In 1939, Godwin entered the Golden Book of Cycling as the greatest long-distance rider in the world.[1] He rode 75,065 mi (120,805 km) in a year, averaging over 200 miles (320 km) per day.[2]

he's on facebook etc also, live posting his rides and videos daily.

Garmin Connect

https://www.facebook.com/tarzanrides


----------



## ibericb (Oct 28, 2014)

Previous thread on the effort by Steve Abraham.If I'm reading this right, it looks like there might be two trying to do the same thing about the same time. Is that right?


----------



## pdh777 (Oct 7, 2005)

That is correct - there are 2 British guys going for the record. Both are super endurance kind of guys.

You would think they would move to a better climate - bad weather can waste a lot of miles.

Tommy Godwin's original record is accepted as the benchmark. I have read articles that insinuated he may not have ridden the entire distance - however no one could or can disprove him so it stands.


----------



## Richard L (Jun 16, 2014)

Might not be the annual record, but still a lot of miles. Didn't find any more current info.

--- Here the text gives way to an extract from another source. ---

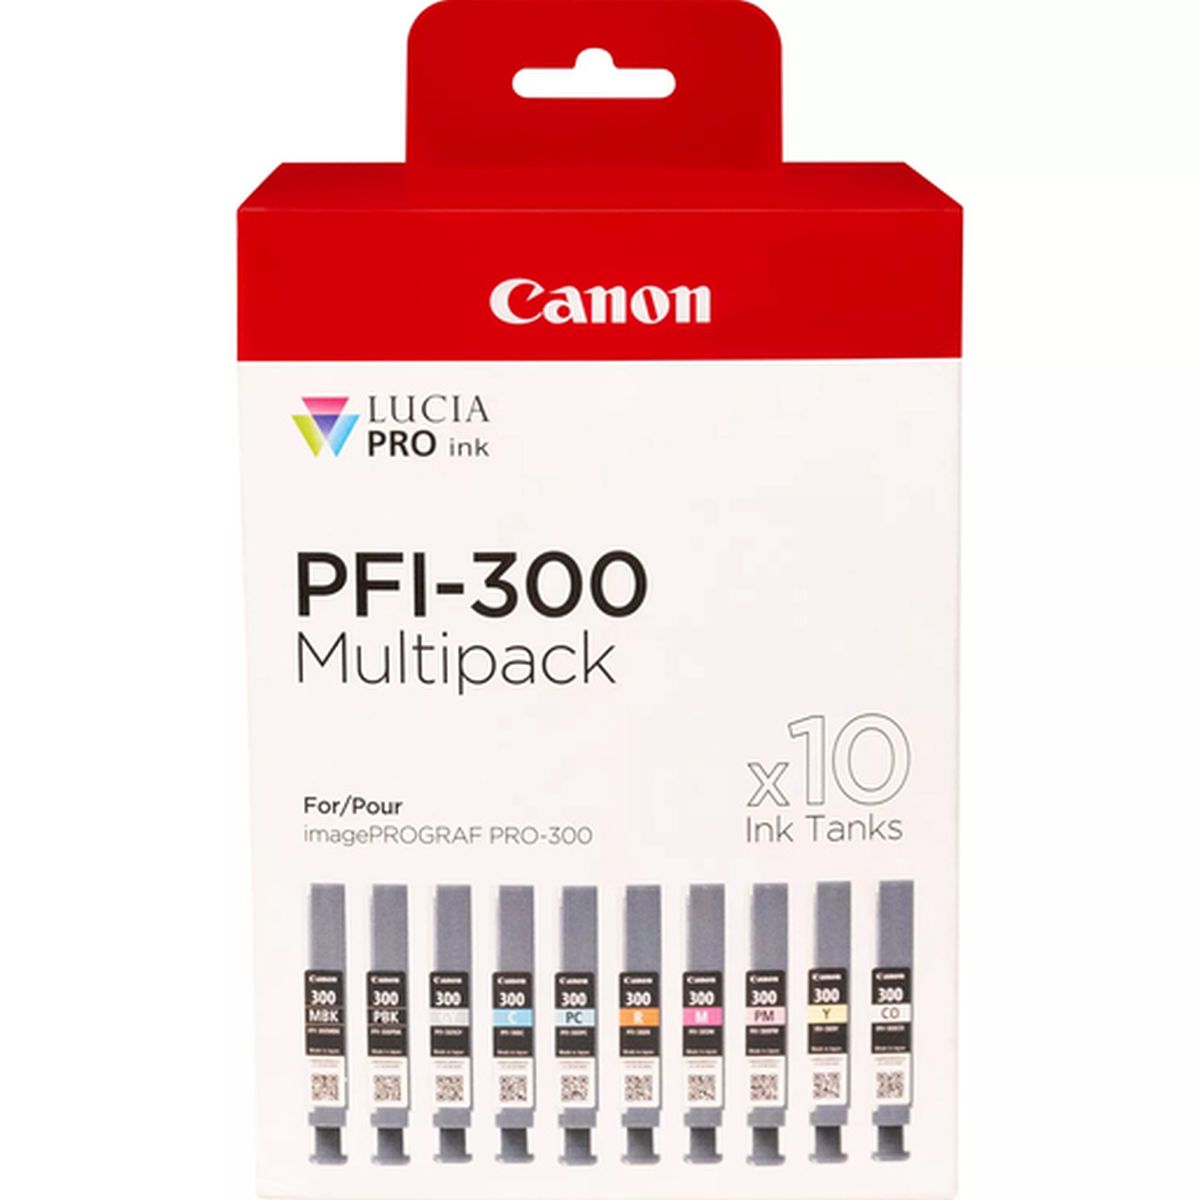 Canon PFI-300 Multipack Tinte für ImagePrograf PRO-300

Freddie Hoffman - Wikipedia, the free encyclopedia


----------



## Doug B (Sep 11, 2009)

He's going the distance. 
He's going for speed.
She's all alone, all alone
In her time of need.


----------



## Mike T. (Feb 3, 2004)

pdh777 said:


> That is correct - there are 2 British guys going for the record. Both are super endurance kind of guys.

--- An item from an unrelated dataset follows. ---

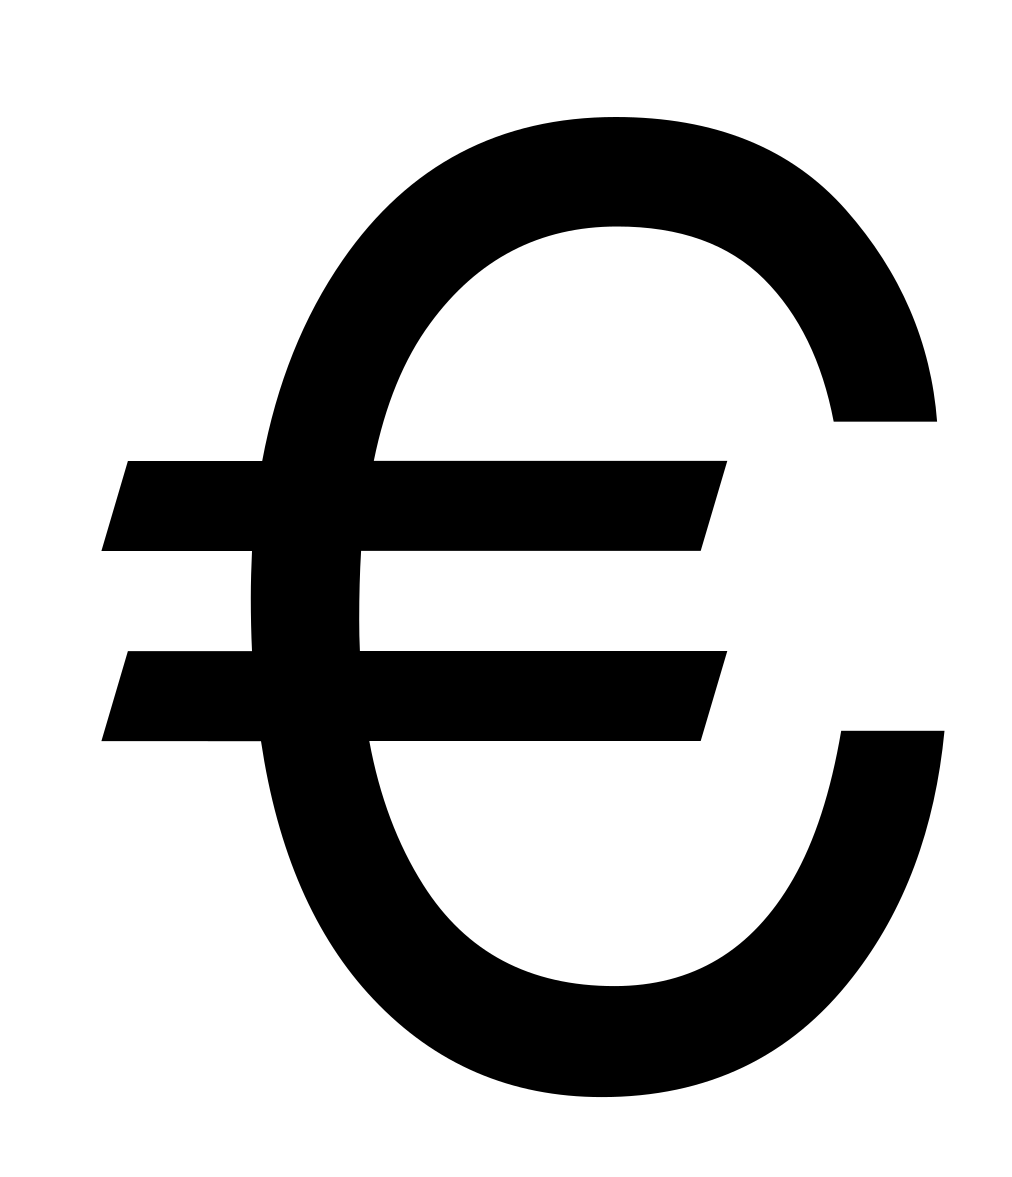 Euro Symbol PNG Image in High Definition pngteam.com

One. Steve Abraham. One USA guy too - Kurt something or other.



> Tommy Godwin's original record is accepted as the benchmark. I have read articles that insinuated he may not have ridden the entire distance - however no one could or can disprove him so it stands.


What a load of rubbish. It was all certified. Read the book on his ride. There have been a couple of others whose rides weren't allowed because of documentation problems, but not Tommy's.


----------